For PyTorch users, DSW provides OSS API for Python to read data from and write data to OSS.

You can store training data, logs, and model files in OSS.

  • Load training data

    You can store training data in an OSS bucket. The path and labels of the data must be stored in an index file in the same OSS bucket. You can customize DataSet and call the DataLoader API in PyTorch to read data by using multiple threads in parallel. Sample code:

    import io
    import oss2
    import PIL
    import torch
    class OSSDataset(torch.utils.data.dataset.Dataset):
        def __init__(self, endpoint, bucket, auth, index_file):
            self._bucket = oss2.Bucket(auth, endpoint, bucket)
            self._indices = self._bucket.get_object(index_file).read().split(',')
        def __len__(self):
            return len(self._indices)
        def __getitem__(self, index):
            img_path, label = self._indices(index).strip().split(':')
            img_str = self._bucket.get_object(img_path)
            img_buf = io.BytesIO()
            img_buf.write(img_str.read())
            img_buf.seek(0)
            img = Image.open(img_buf).convert('RGB')
            img_buf.close()
            return img, label
    dataset = OSSDataset(endpoint, bucket, auth, index_file)
    data_loader = torch.utils.data.DataLoader(
        dataset,
        batch_size=batch_size,
        num_workers=num_loaders,
        pin_memory=True)

    In the preceding code, endpoint specifies the endpoint of OSS, bucket specifies the name of the OSS bucket, auth specifies the objects that are authenticated, and index_file specifies the path of the index file.

    Note

    In this topic, samples in the index file are separated with commas (,). The sample path and labels are separated with colons (:).

  • Save or load models

    You can use OSS2 API for Python to save or load PyTorch models. For information about how to save or load models by using PyTorch, see PyTorch.

    • Save a model

      from io import BytesIO
      import torch
      import oss2
      # bucket_name
      bucket_name = "<your_bucket_name>"
      bucket = oss2.Bucket(auth, endpoint, bucket_name)
      buffer = BytesIO()
      torch.save(model.state_dict(), buffer)
      bucket.put_object("<your_model_path>", buffer.getvalue())

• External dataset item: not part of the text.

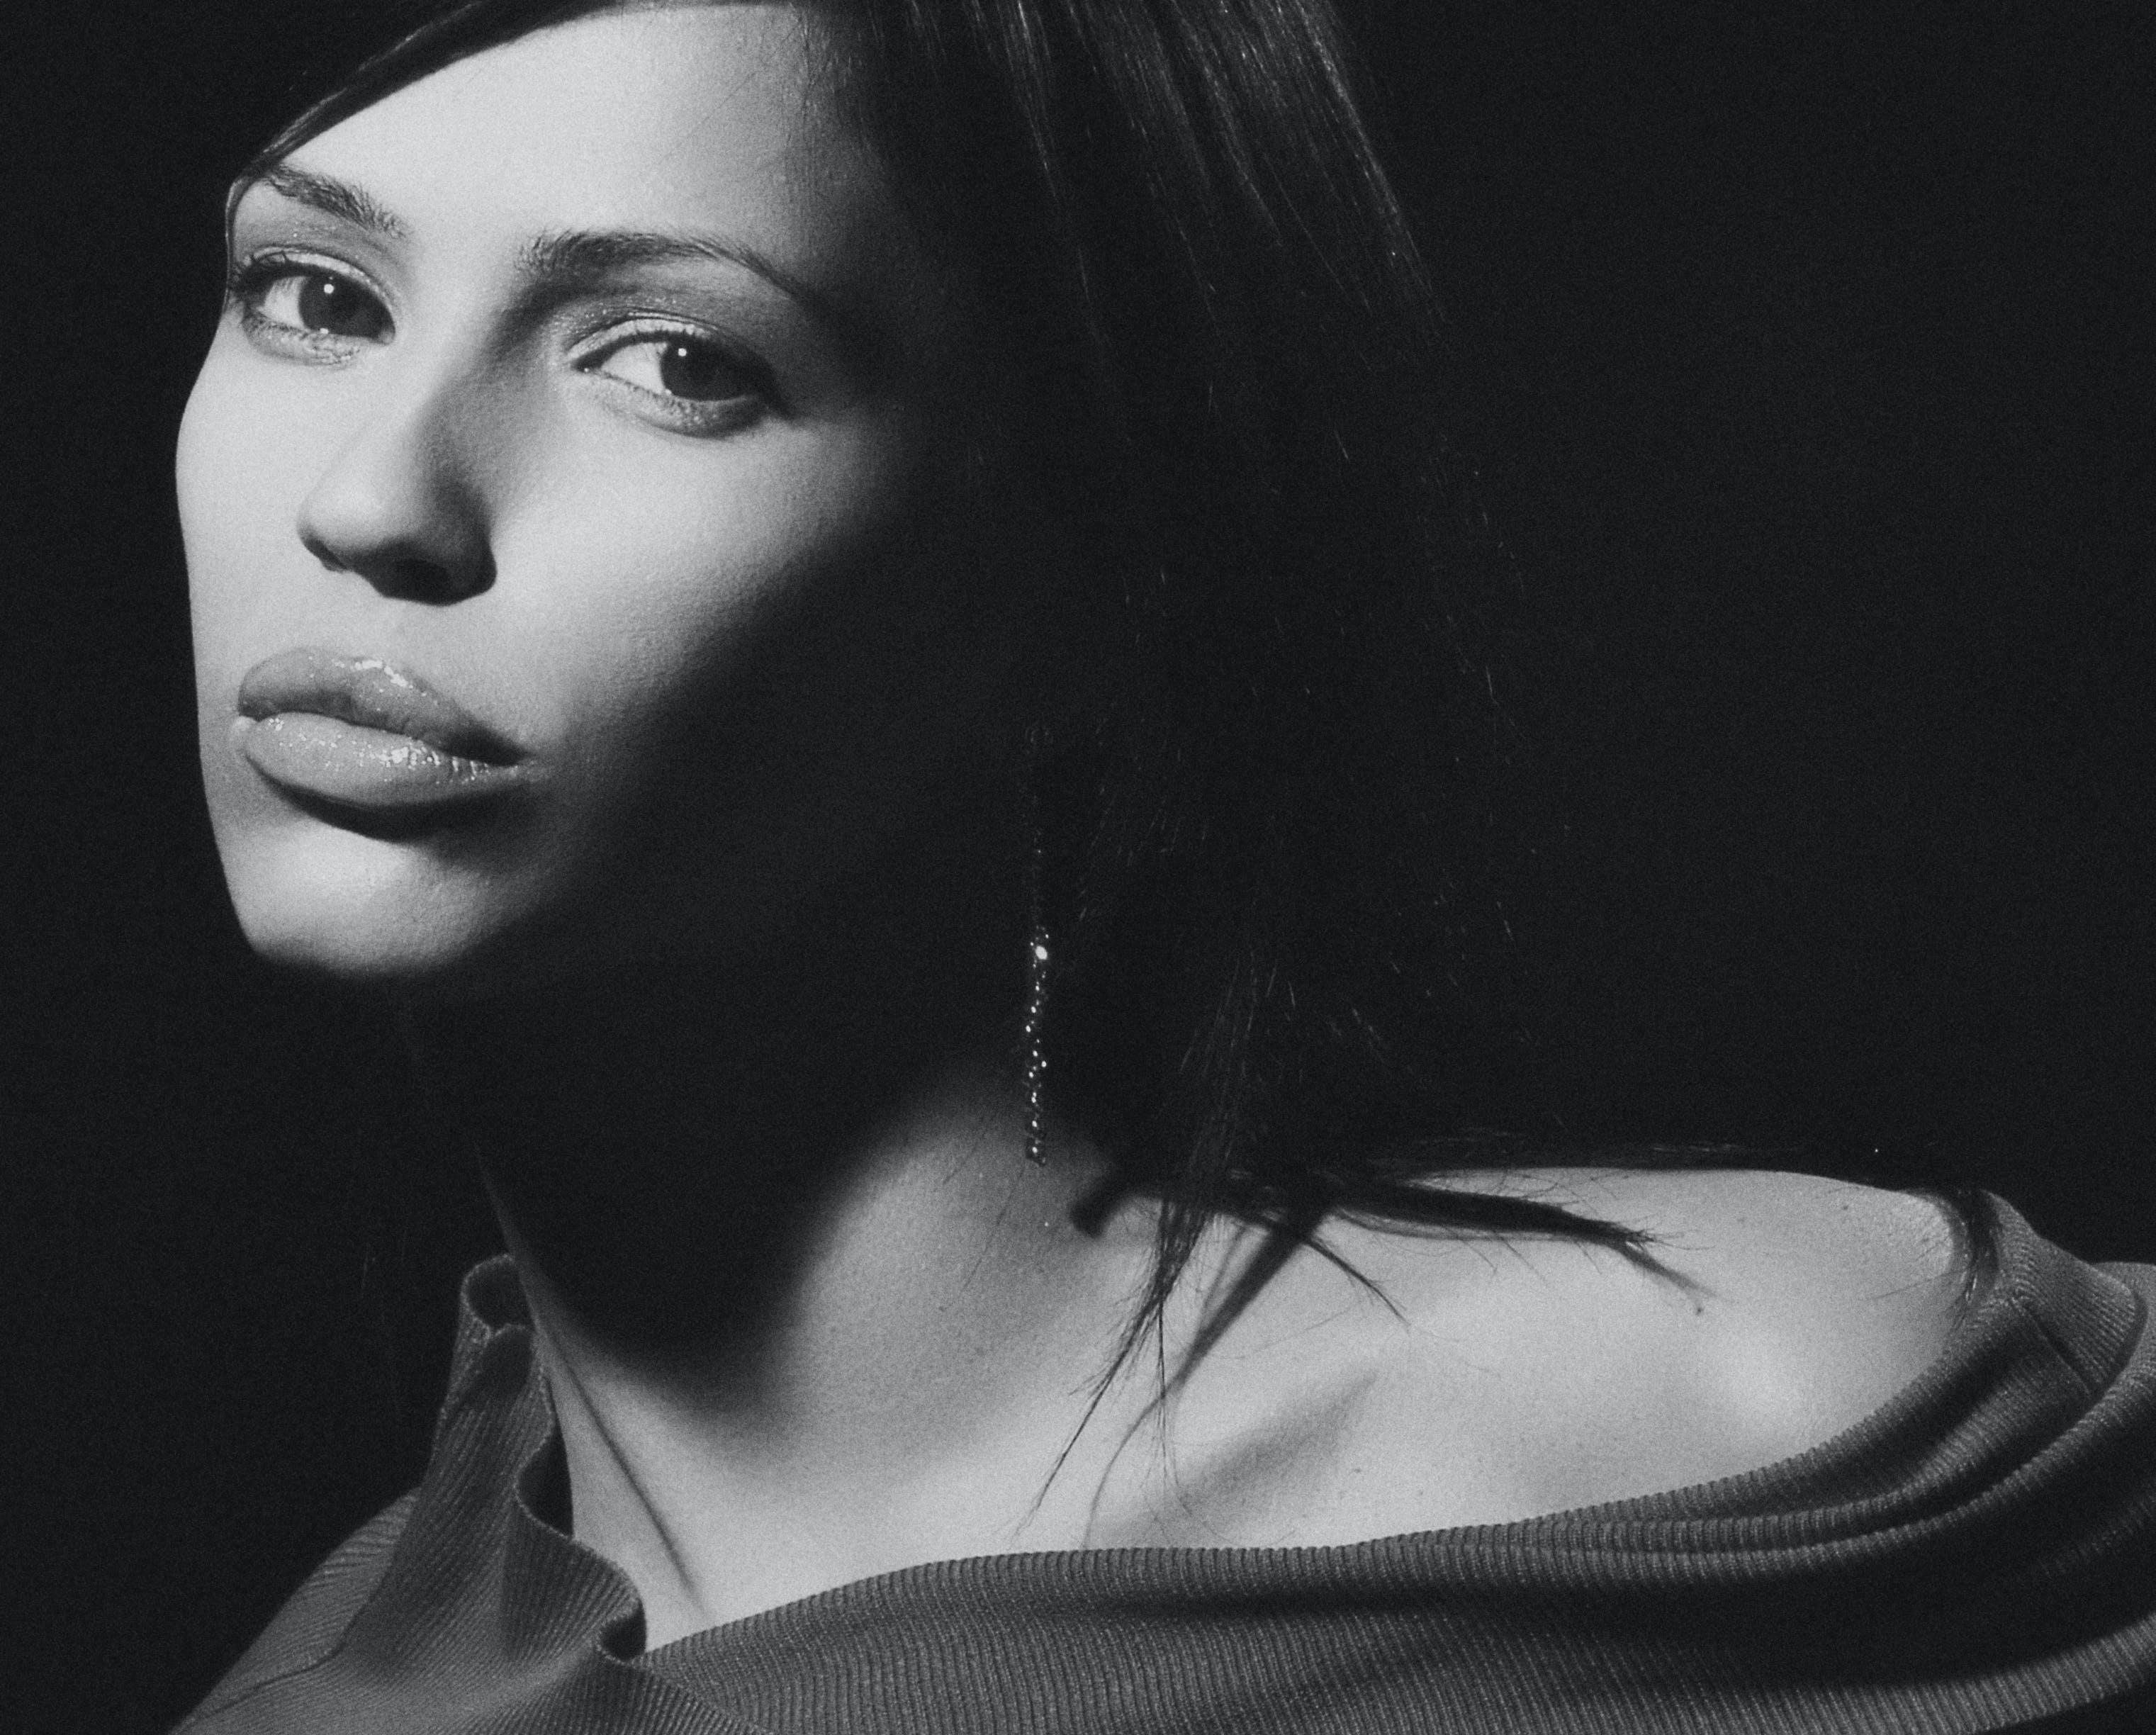 Free stock photo of girl, portrait, studio, black and white
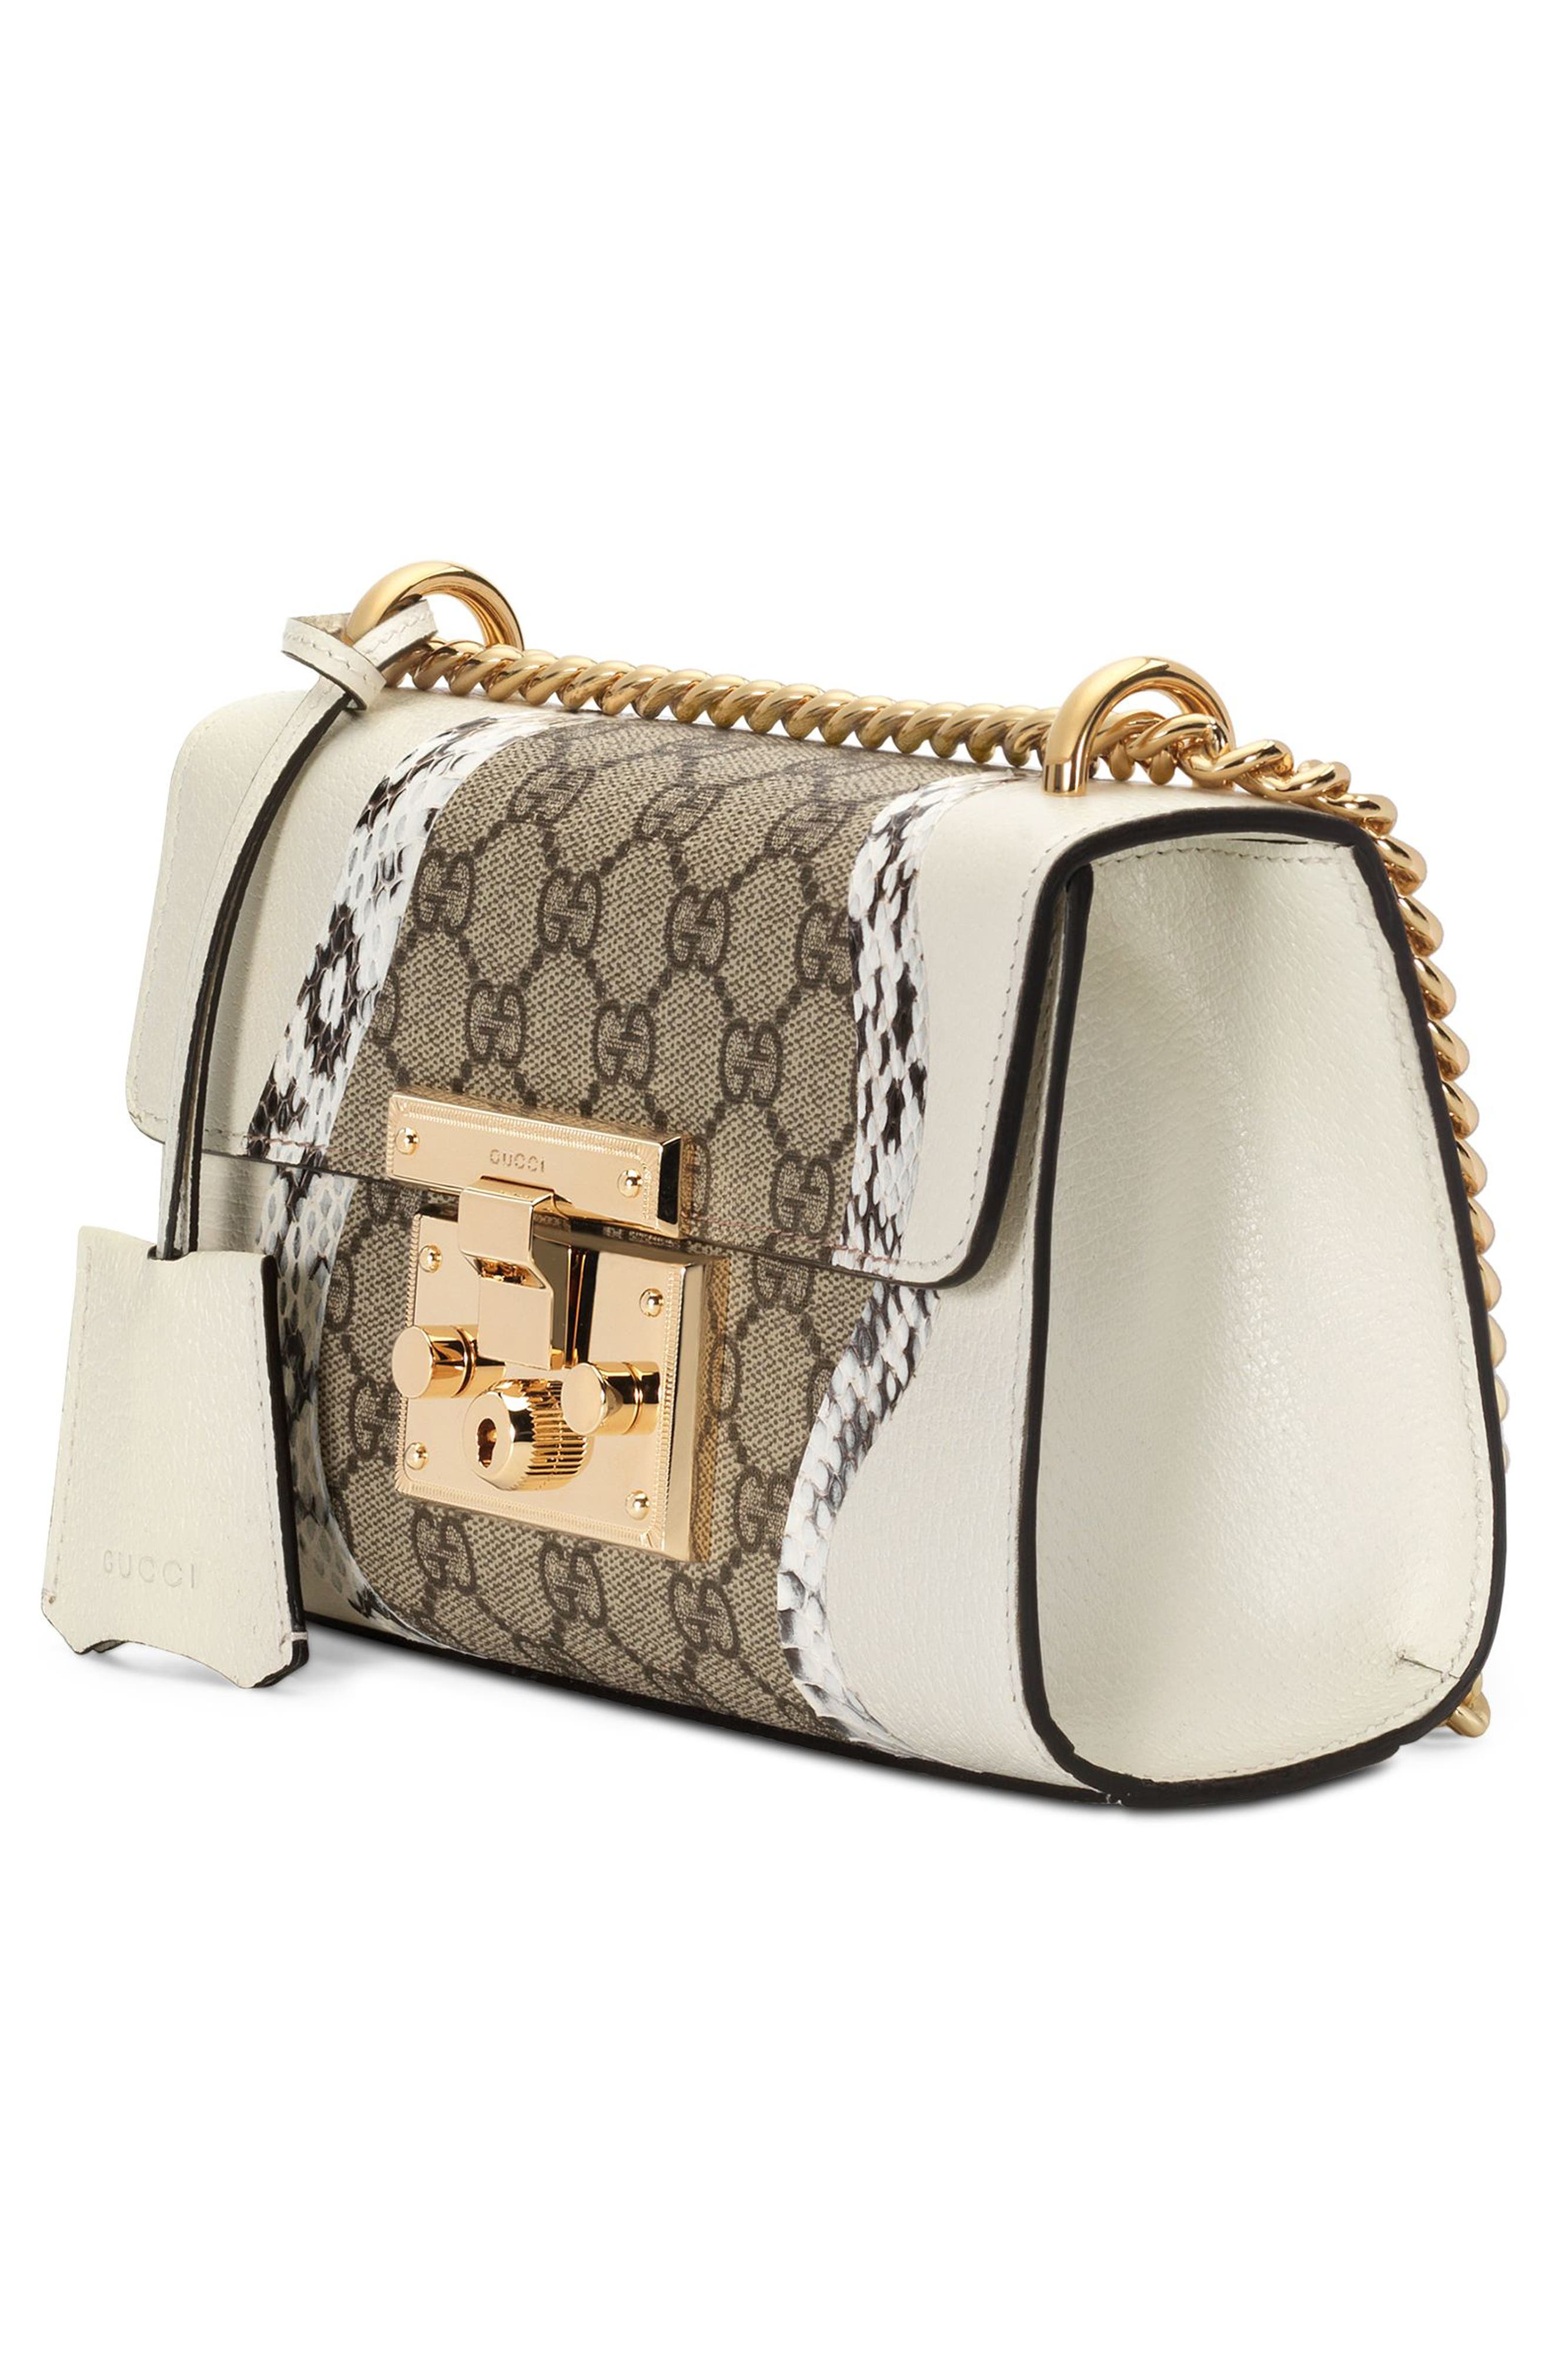 Small Padlock GG Supreme Wave Shoulder Bag with Genuine Snakeskin Trim,                             Alternate thumbnail 4, color,                             White/ Roccia/ Beige Ebony

      In the preceding code, endpoint specifies the endpoint of OSS and <your_bucket_name> specifies the name of the OSS bucket. The name cannot start with oss://. auth specifies the objects that are authenticated, and <your_model_path> specifies the path of the model file.

    • Load a model

      from io import BytesIO
      import torch
      import oss2
      bucket_name = "<your_bucket_name>"
      bucket = oss2.Bucket(auth, endpoint, bucket_name)
      buffer = BytesIO(bucket.get_object("<your_model_path>").read())
      model.load_state_dict(torch.load(buffer))

      In the preceding code, endpoint specifies the endpoint of OSS and <your_bucket_name> specifies the name of the OSS bucket. The name cannot start with oss://. auth specifies the objects that are authenticated, and <your_model_path> specifies the path of the model file.